Comment 8 Carlos Alberto Lopez Perez 2020-10-15 18:49:48 PDT
(In reply to Sergio Villar Senin from comment #5)
> It stills asks for username/password to me everytime I try to land a patch.

This is likely caused by default svn config.

Check that you don't have "store-passwords = no" on ~/.subversion/config
You can set also "password-stores = gnome-keyring" to not store it on plaintext
More info: https://stackoverflow.com/q/2899209
Comment 9 Fujii Hironori 2020-10-15 19:35:32 PDT
Use WebKit-https.git. Follow this 
https://webkit.org/getting-the-code/#checking-out-with-git

As far as I tested, webkit-patch setup-git-clone fails for WebKit.git.
So, all commiters should use WebKit-https.git.
Comment 10 Carlos Alberto Lopez Perez 2020-10-15 20:47:15 PDT
(In reply to Fujii Hironori from comment #9)
> Use WebKit-https.git. Follow this 
> https://webkit.org/getting-the-code/#checking-out-with-git
> 
> As far as I tested, webkit-patch setup-git-clone fails for WebKit.git.
> So, all commiters should use WebKit-https.git.
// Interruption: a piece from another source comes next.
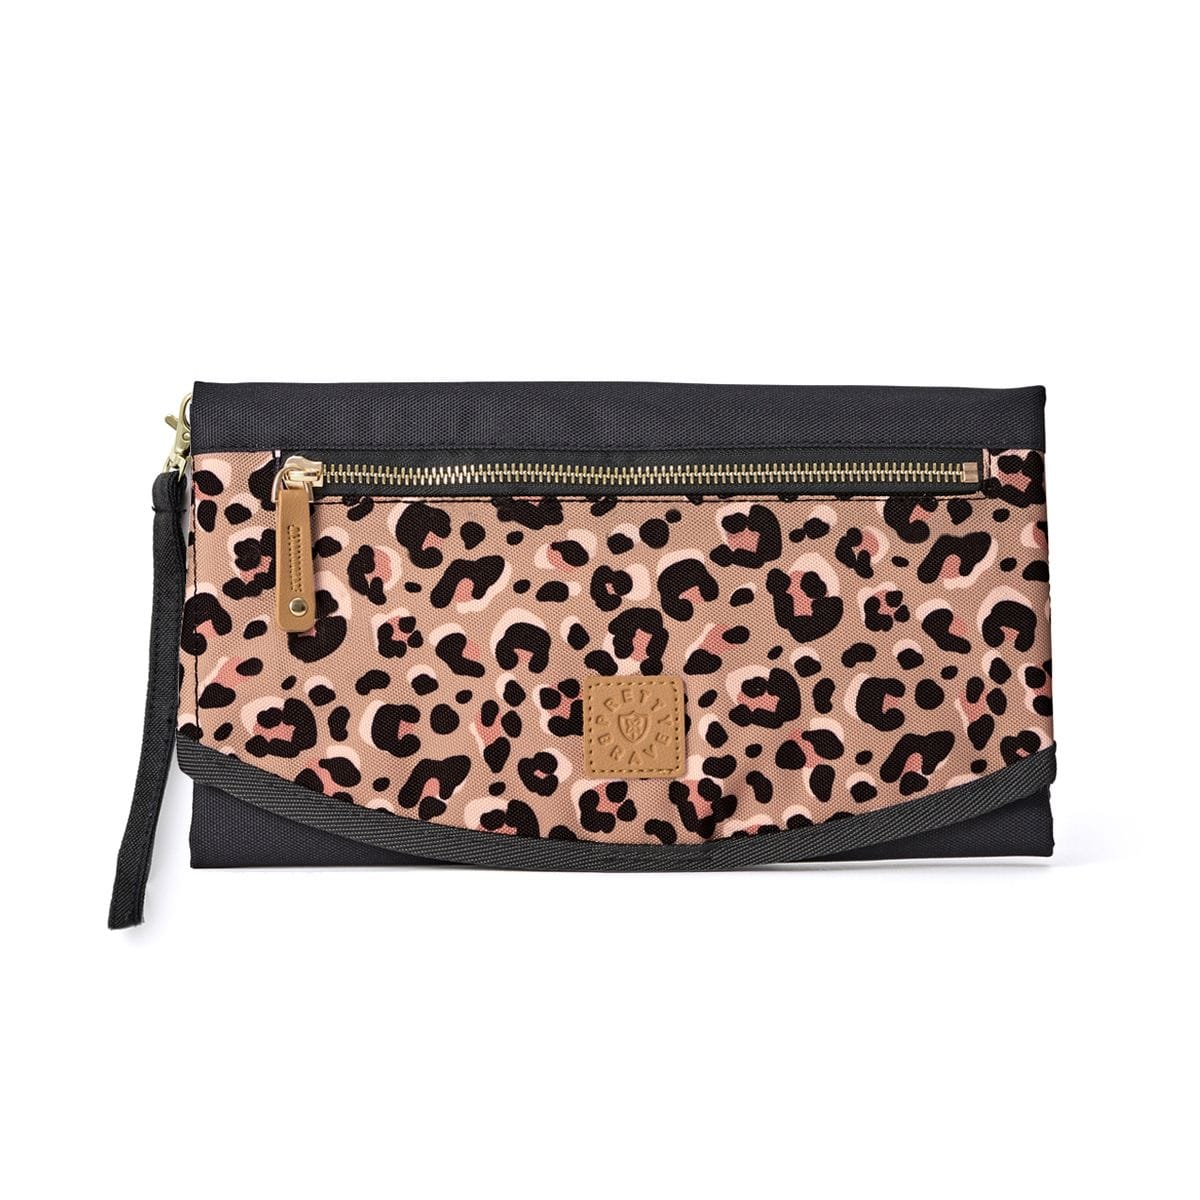 Pretty Brave Baby Accessory Roundabout Change Clutch

Oook.. that explains it.. so there is a git://git.webkit.org/WebKit-https.git repository that has the entries for git-svn-id: with https instead of that. Didn't know that, interesting.

The problem I see with this is that this repository has a different git hash for every commit (because the commit log changes due to using https for git-svn-id)
So if you keep several remotes (like I do) for example to easily push/pull from different forks on github, gitlab, etc.. using this WebKit-https.git repo is a problem since the hashes don't match with every other fork of the webkit repository out there and git can't merge the common commits :( so I guess this will cause issues when rebasing/merging branches
Comment 11 Sergio Villar Senin 2020-10-16 01:25:27 PDT
(In reply to Carlos Alberto Lopez Perez from comment #8)
> (In reply to Sergio Villar Senin from comment #5)
> > It stills asks for username/password to me everytime I try to land a patch.
> 
> This is likely caused by default svn config.
> 
> Check that you don't have "store-passwords = no" on ~/.subversion/config
> You can set also "password-stores = gnome-keyring" to not store it on
> plaintext
> More info: https://stackoverflow.com/q/2899209

I doubt it's a problem in my svn config because I haven't touched it and it has been working fine for years.
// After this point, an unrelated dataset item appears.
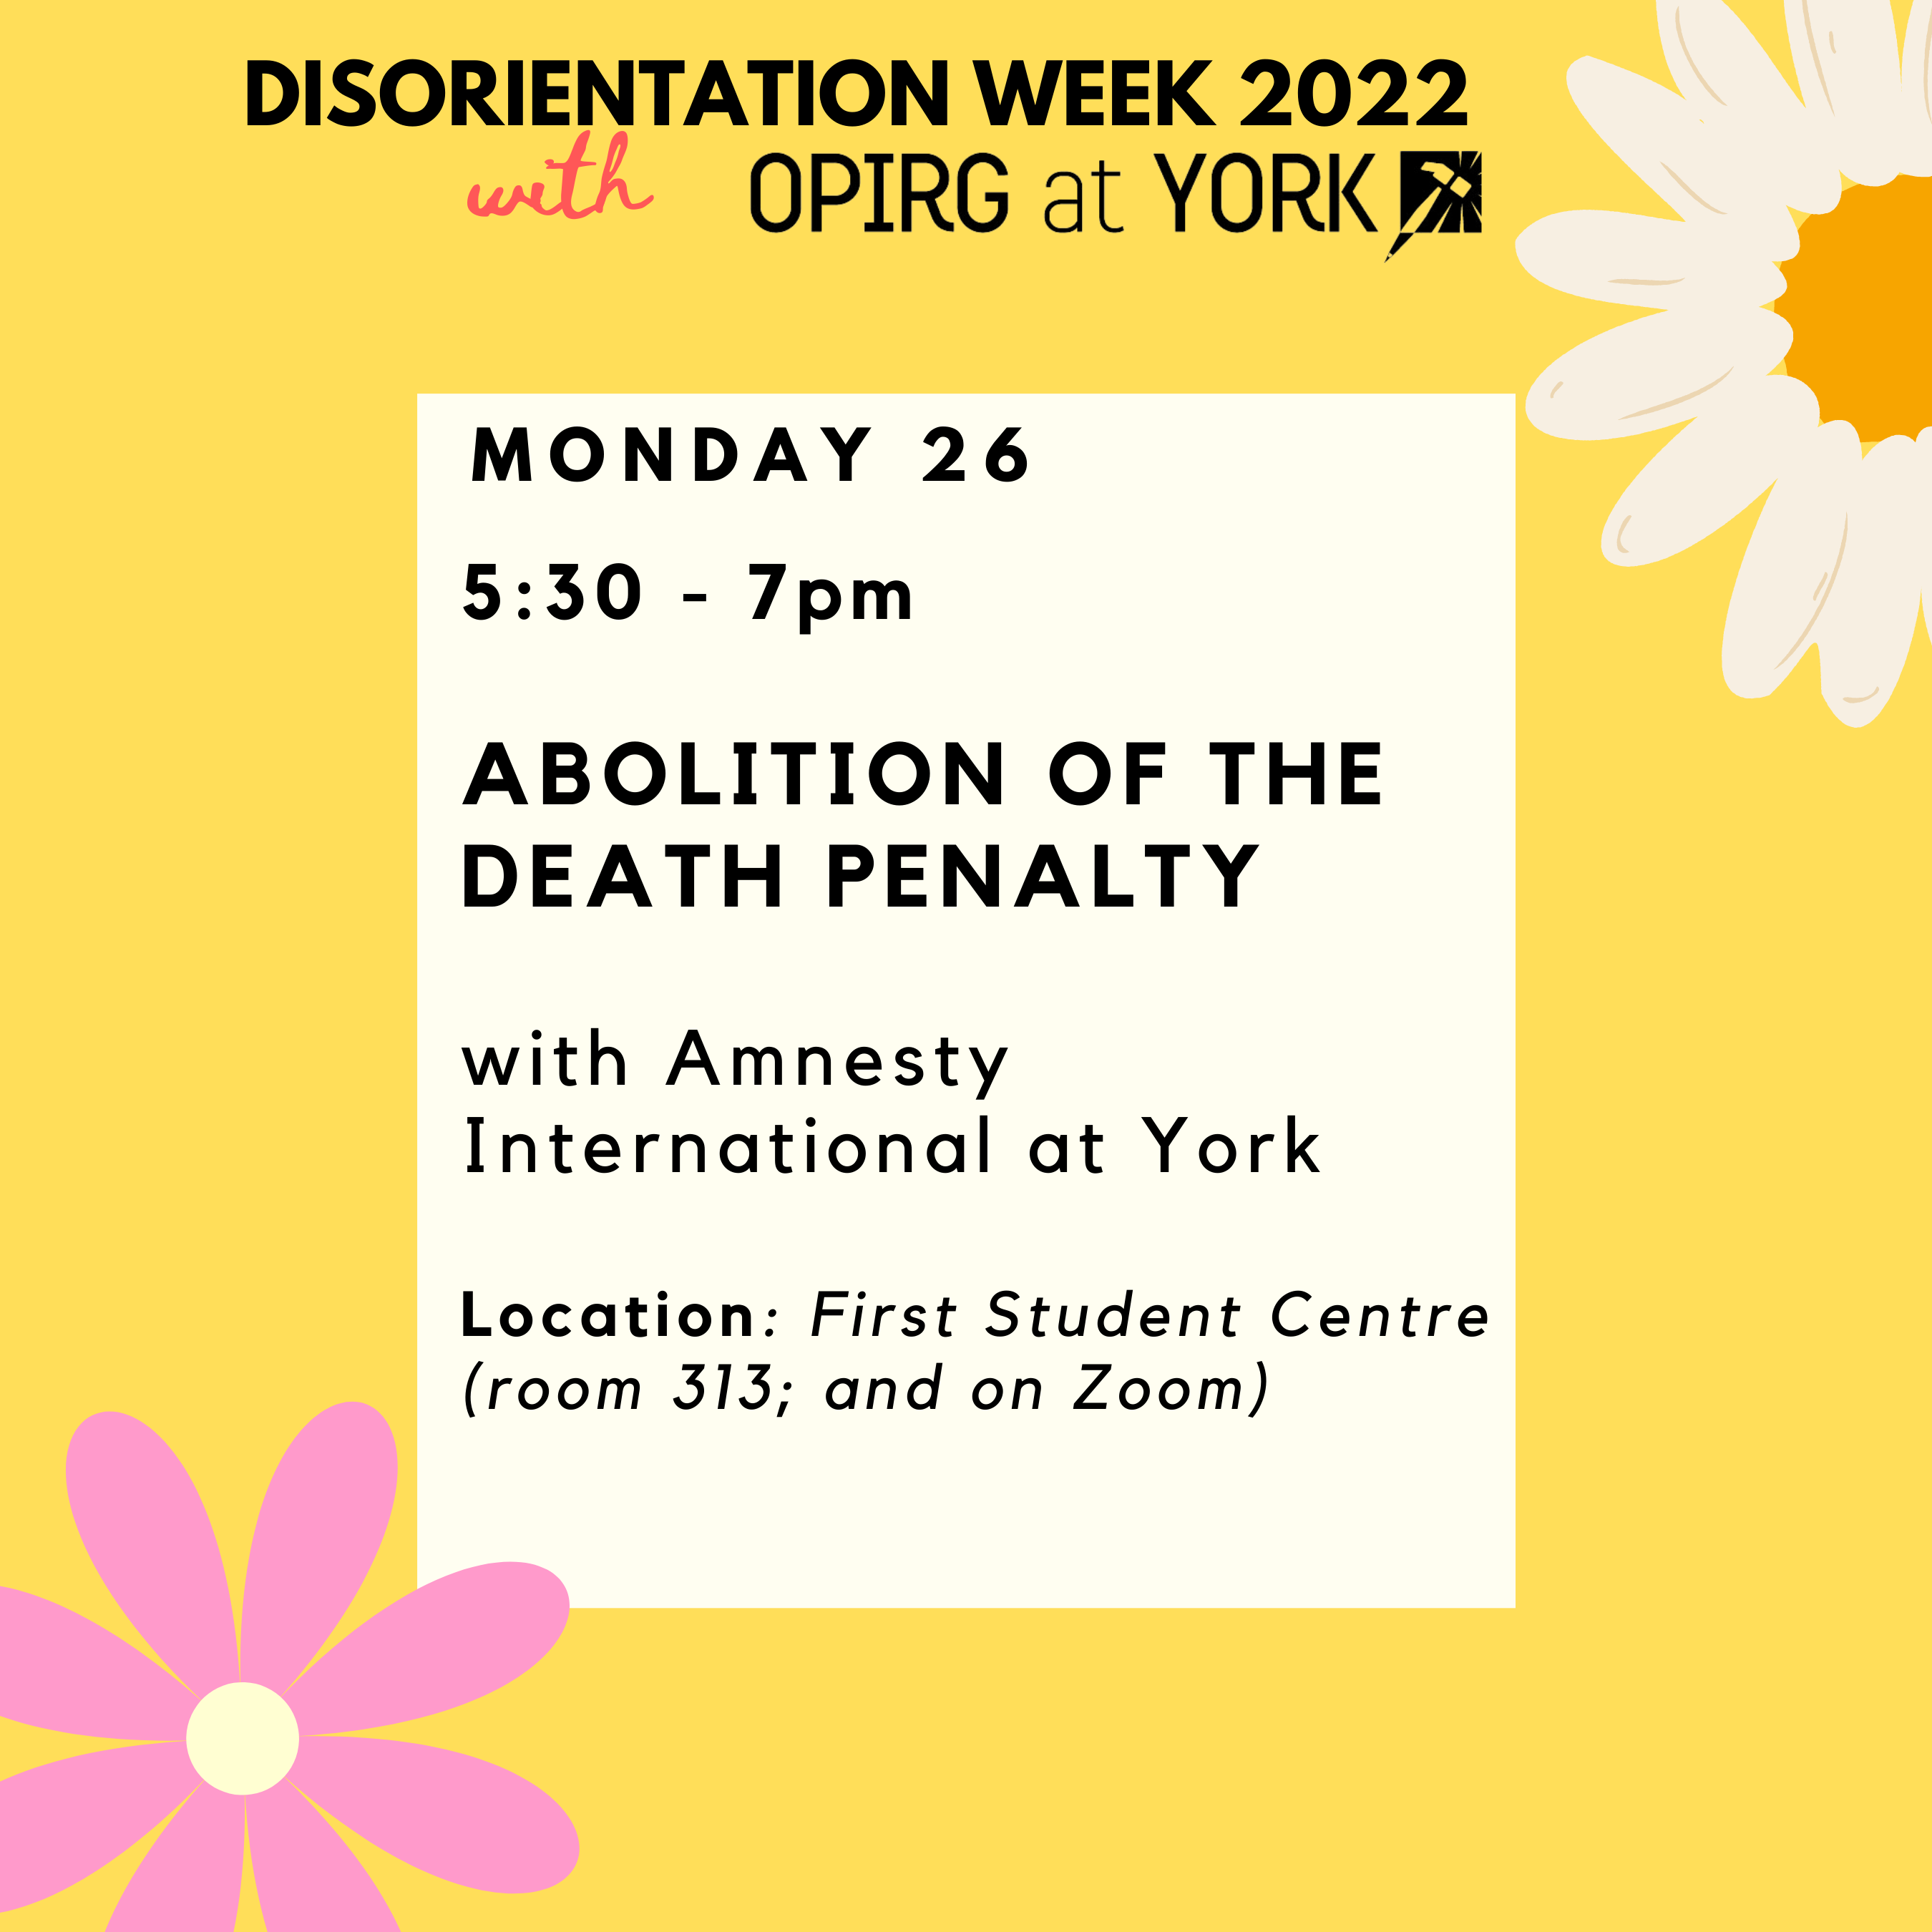 Monday 26, 5:30 - 7pm  Abolition of the  Death penalty   with Amnesty International at York   Location: First Student Centre (room 313; and on Zoom)  Black text on white block with yellow border. Pink flowers in the corners.

BTW store-passwords is not set to no and I had already set "password-stores = gnome-keyring,kwallet" so that is not the problem either.
Comment 12 Jonathan Bedard 2020-10-16 08:41:14 PDT
I don't think sorting out the http vs https and different hashes in the git clone is going to be very worthwhile. The git clone, as is, has a number of deficiencies (namely, it doesn't actually have any branches)

At the moment, I'm doing a deep git clone of WebKit for the GitHub transition, and I intend to add commit identifiers into the commit messages of all historical commits (which obviously breaks existing hashes).
Comment 13 Carlos Alberto Lopez Perez 2020-10-16 08:52:29 PDT
(In reply to Jonathan Bedard from comment #12)
> I don't think sorting out the http vs https and different hashes in the git
> clone is going to be very worthwhile. The git clone, as is, has a number of
> deficiencies (namely, it doesn't actually have any branches)
> 
> At the moment, I'm doing a deep git clone of WebKit for the GitHub
> transition, and I intend to add commit identifiers into the commit messages
> of all historical commits (which obviously breaks existing hashes).

why adding commit identifiers to the current repo is needed? those are already tagged with the git-svn-id tag. The new tagging system can be used for the commits after the migration, but the older ones are already tagged with the revision number.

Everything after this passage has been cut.